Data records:
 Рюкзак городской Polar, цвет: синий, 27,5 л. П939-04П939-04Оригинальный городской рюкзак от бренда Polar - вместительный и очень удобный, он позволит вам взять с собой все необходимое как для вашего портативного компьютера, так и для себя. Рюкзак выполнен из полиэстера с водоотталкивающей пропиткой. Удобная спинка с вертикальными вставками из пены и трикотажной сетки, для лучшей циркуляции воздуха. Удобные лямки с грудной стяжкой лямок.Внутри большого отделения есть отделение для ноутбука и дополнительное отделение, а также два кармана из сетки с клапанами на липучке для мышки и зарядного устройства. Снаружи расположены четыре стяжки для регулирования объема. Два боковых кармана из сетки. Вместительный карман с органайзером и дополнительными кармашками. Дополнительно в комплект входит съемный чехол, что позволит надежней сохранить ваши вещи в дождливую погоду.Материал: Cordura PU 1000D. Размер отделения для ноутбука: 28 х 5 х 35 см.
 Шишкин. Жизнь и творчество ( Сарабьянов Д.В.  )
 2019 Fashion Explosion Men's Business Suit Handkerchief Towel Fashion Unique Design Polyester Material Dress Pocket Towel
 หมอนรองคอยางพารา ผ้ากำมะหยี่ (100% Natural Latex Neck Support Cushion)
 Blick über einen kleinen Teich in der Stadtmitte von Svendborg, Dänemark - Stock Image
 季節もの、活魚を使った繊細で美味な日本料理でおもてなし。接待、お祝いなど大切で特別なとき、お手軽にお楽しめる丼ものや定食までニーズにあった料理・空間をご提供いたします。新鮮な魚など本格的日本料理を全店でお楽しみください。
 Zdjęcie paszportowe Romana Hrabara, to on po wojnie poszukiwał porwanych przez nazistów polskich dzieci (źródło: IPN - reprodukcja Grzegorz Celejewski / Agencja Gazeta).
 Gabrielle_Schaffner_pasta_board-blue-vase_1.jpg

EXERCISE DIRECTIONS:
Reproduce the records exactly as they appear.

OUTPUT BELOW:
 Рюкзак городской Polar, цвет: синий, 27,5 л. П939-04П939-04Оригинальный городской рюкзак от бренда Polar - вместительный и очень удобный, он позволит вам взять с собой все необходимое как для вашего портативного компьютера, так и для себя. Рюкзак выполнен из полиэстера с водоотталкивающей пропиткой. Удобная спинка с вертикальными вставками из пены и трикотажной сетки, для лучшей циркуляции воздуха. Удобные лямки с грудной стяжкой лямок.Внутри большого отделения есть отделение для ноутбука и дополнительное отделение, а также два кармана из сетки с клапанами на липучке для мышки и зарядного устройства. Снаружи расположены четыре стяжки для регулирования объема. Два боковых кармана из сетки. Вместительный карман с органайзером и дополнительными кармашками. Дополнительно в комплект входит съемный чехол, что позволит надежней сохранить ваши вещи в дождливую погоду.Материал: Cordura PU 1000D. Размер отделения для ноутбука: 28 х 5 х 35 см.
 Шишкин. Жизнь и творчество ( Сарабьянов Д.В.  )
 2019 Fashion Explosion Men's Business Suit Handkerchief Towel Fashion Unique Design Polyester Material Dress Pocket Towel
 หมอนรองคอยางพารา ผ้ากำมะหยี่ (100% Natural Latex Neck Support Cushion)
 Blick über einen kleinen Teich in der Stadtmitte von Svendborg, Dänemark - Stock Image
 季節もの、活魚を使った繊細で美味な日本料理でおもてなし。接待、お祝いなど大切で特別なとき、お手軽にお楽しめる丼ものや定食までニーズにあった料理・空間をご提供いたします。新鮮な魚など本格的日本料理を全店でお楽しみください。
 Zdjęcie paszportowe Romana Hrabara, to on po wojnie poszukiwał porwanych przez nazistów polskich dzieci (źródło: IPN - reprodukcja Grzegorz Celejewski / Agencja Gazeta).
 Gabrielle_Schaffner_pasta_board-blue-vase_1.jpg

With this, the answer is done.